[[ Recorded information open ]]

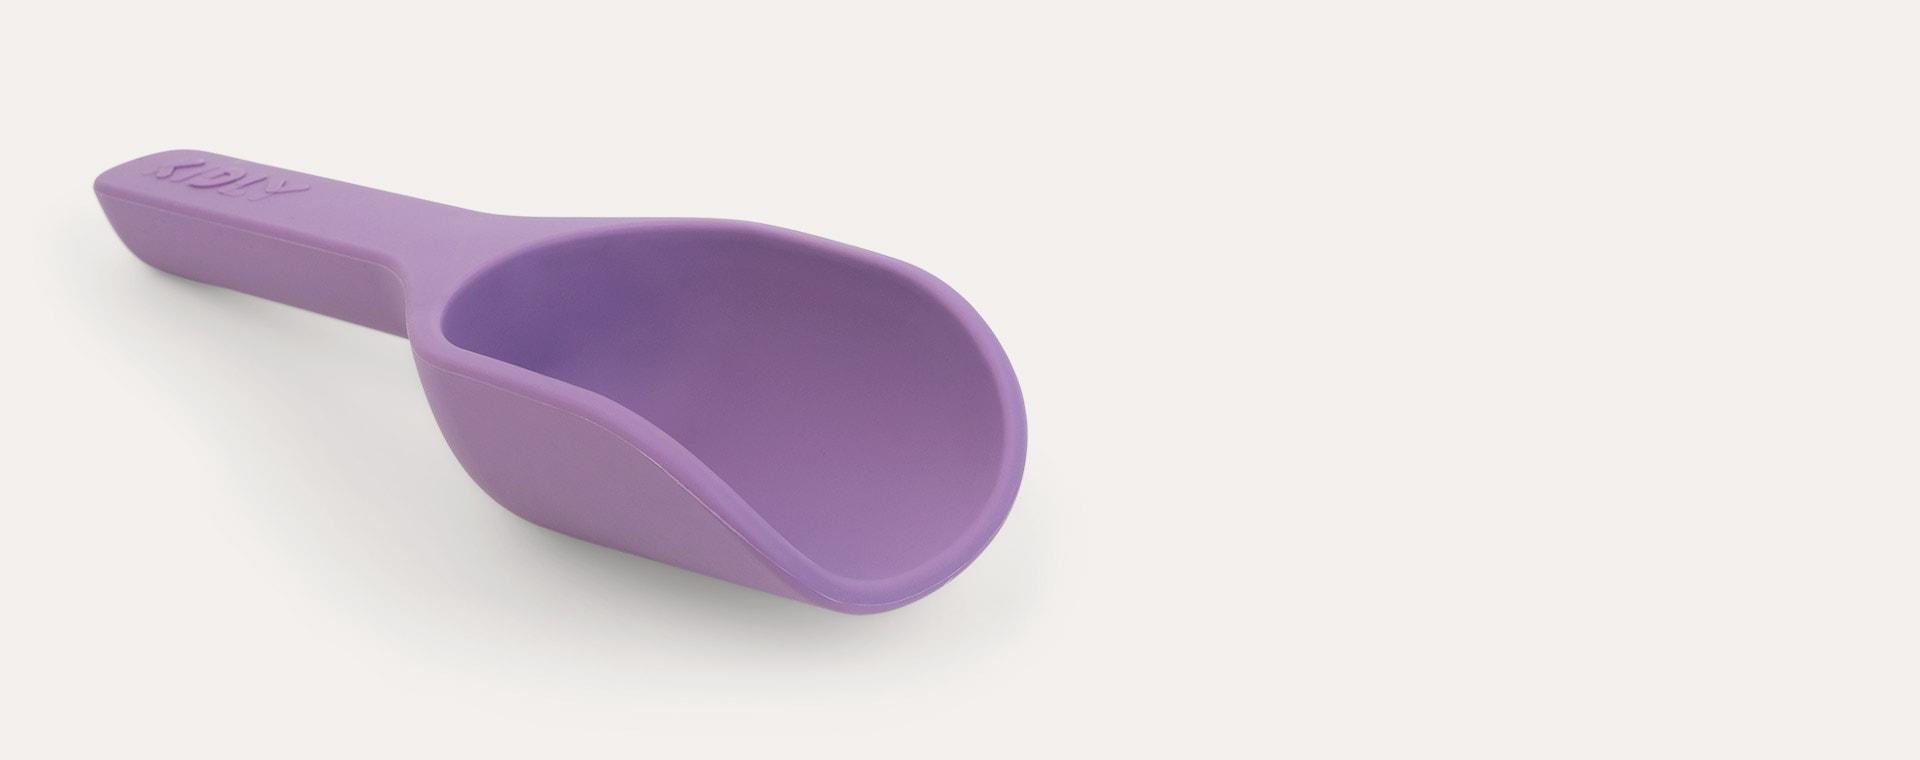 Orchid KIDLY Label Foldaway Bucket & Spade Set
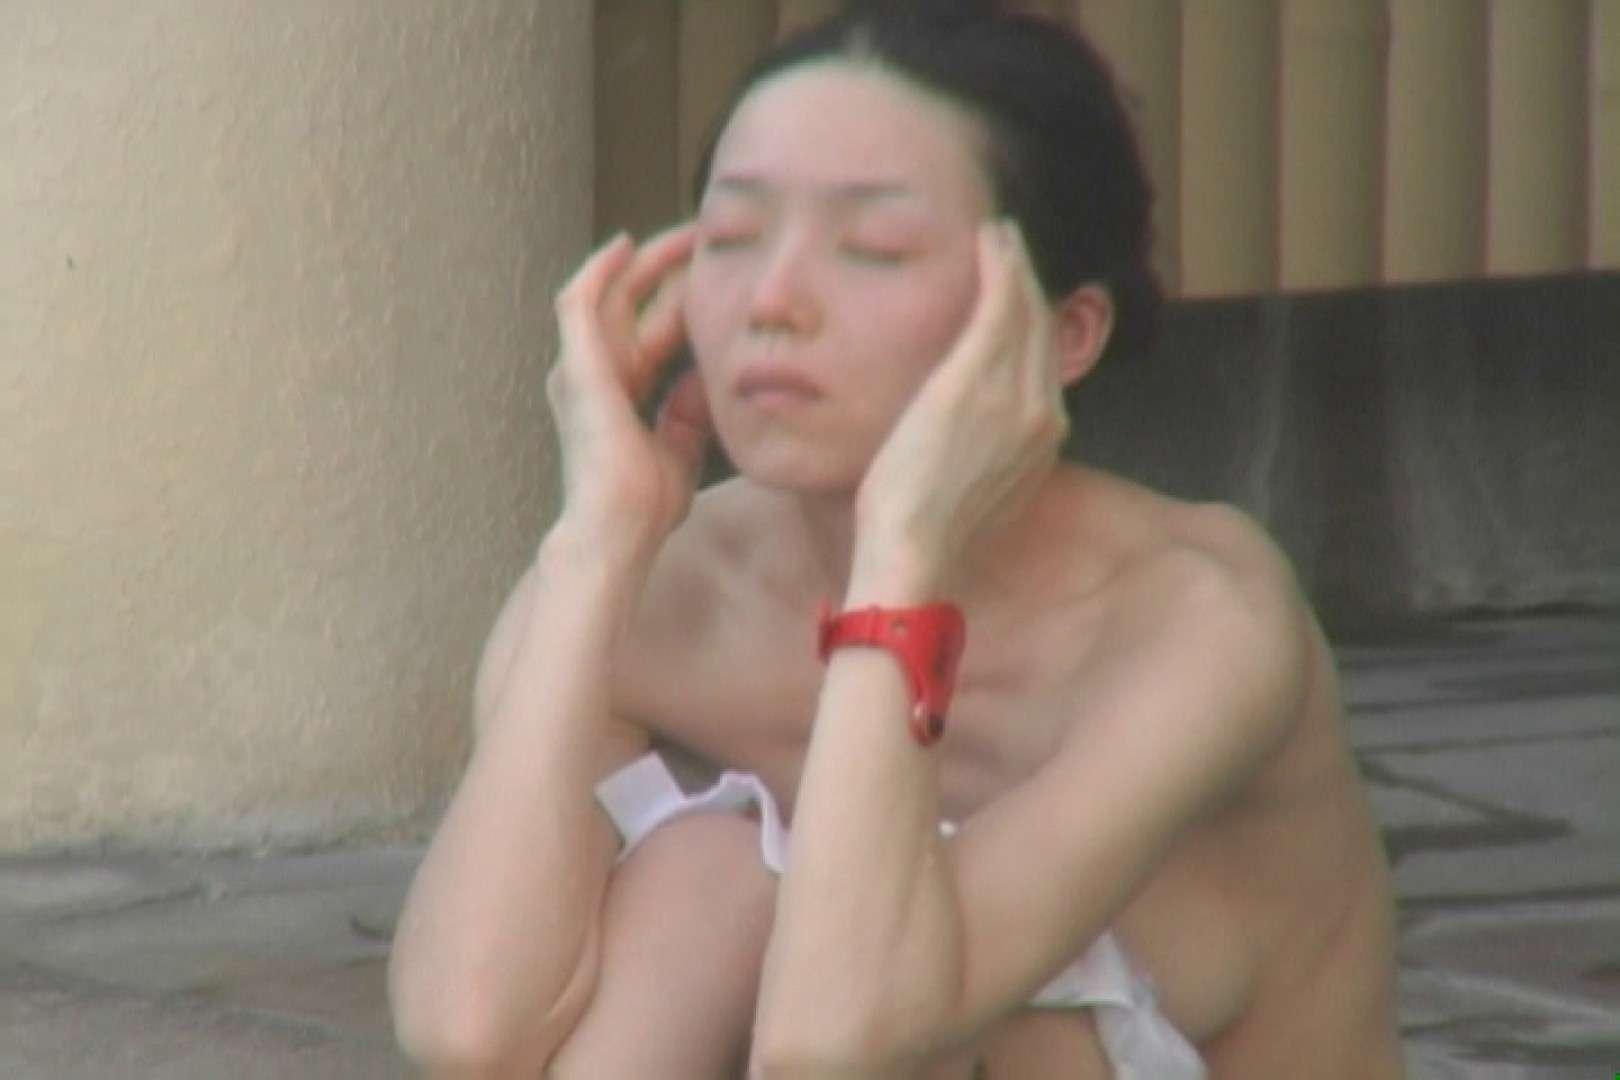 Aquaな露天風呂Vol.577 0  51連発 22
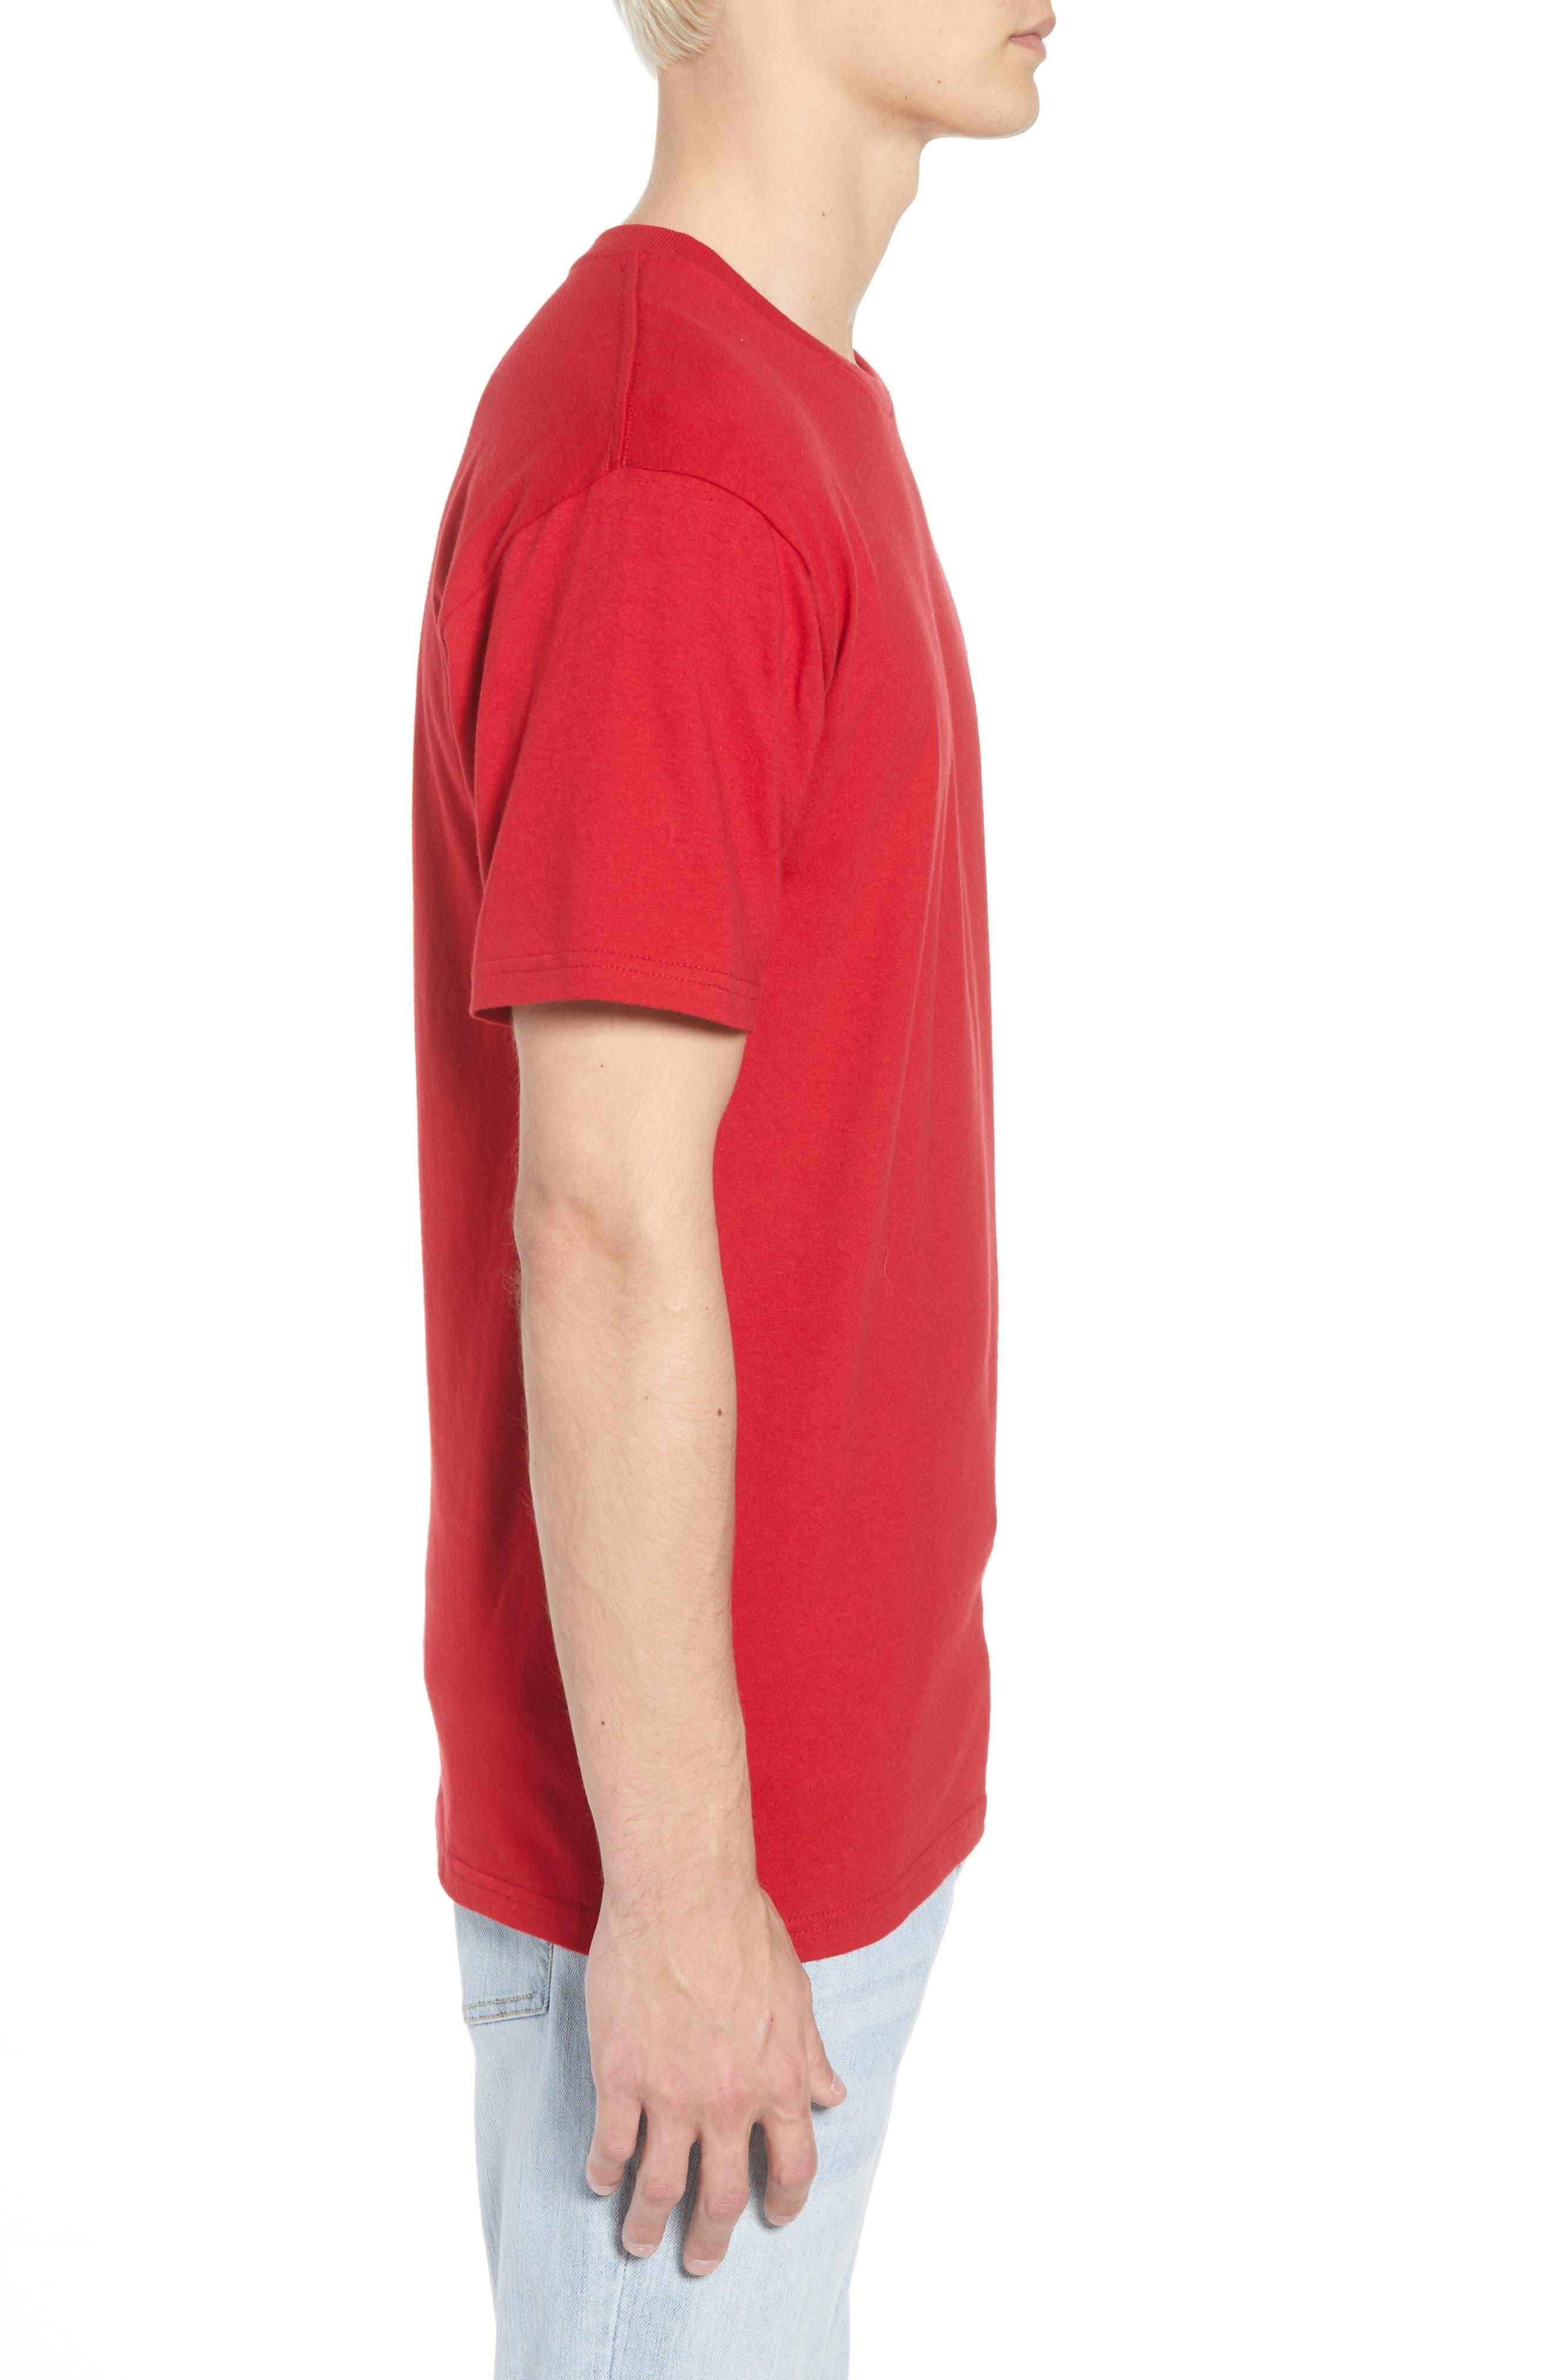 x Marvel<sup>®</sup> Iron Man T-Shirt,                             Alternate thumbnail 3, color,                             601

[[ Recorded information closed ]]

> [Task description]: Apart from the pictures, every line of the data above should be given again exactly.

> [Response below]:
 Orchid KIDLY Label Foldaway Bucket & Spade Set
 Aquaな露天風呂Vol.577 0  51連発 22
 x Marvel<sup>®</sup> Iron Man T-Shirt,                             Alternate thumbnail 3, color,                             601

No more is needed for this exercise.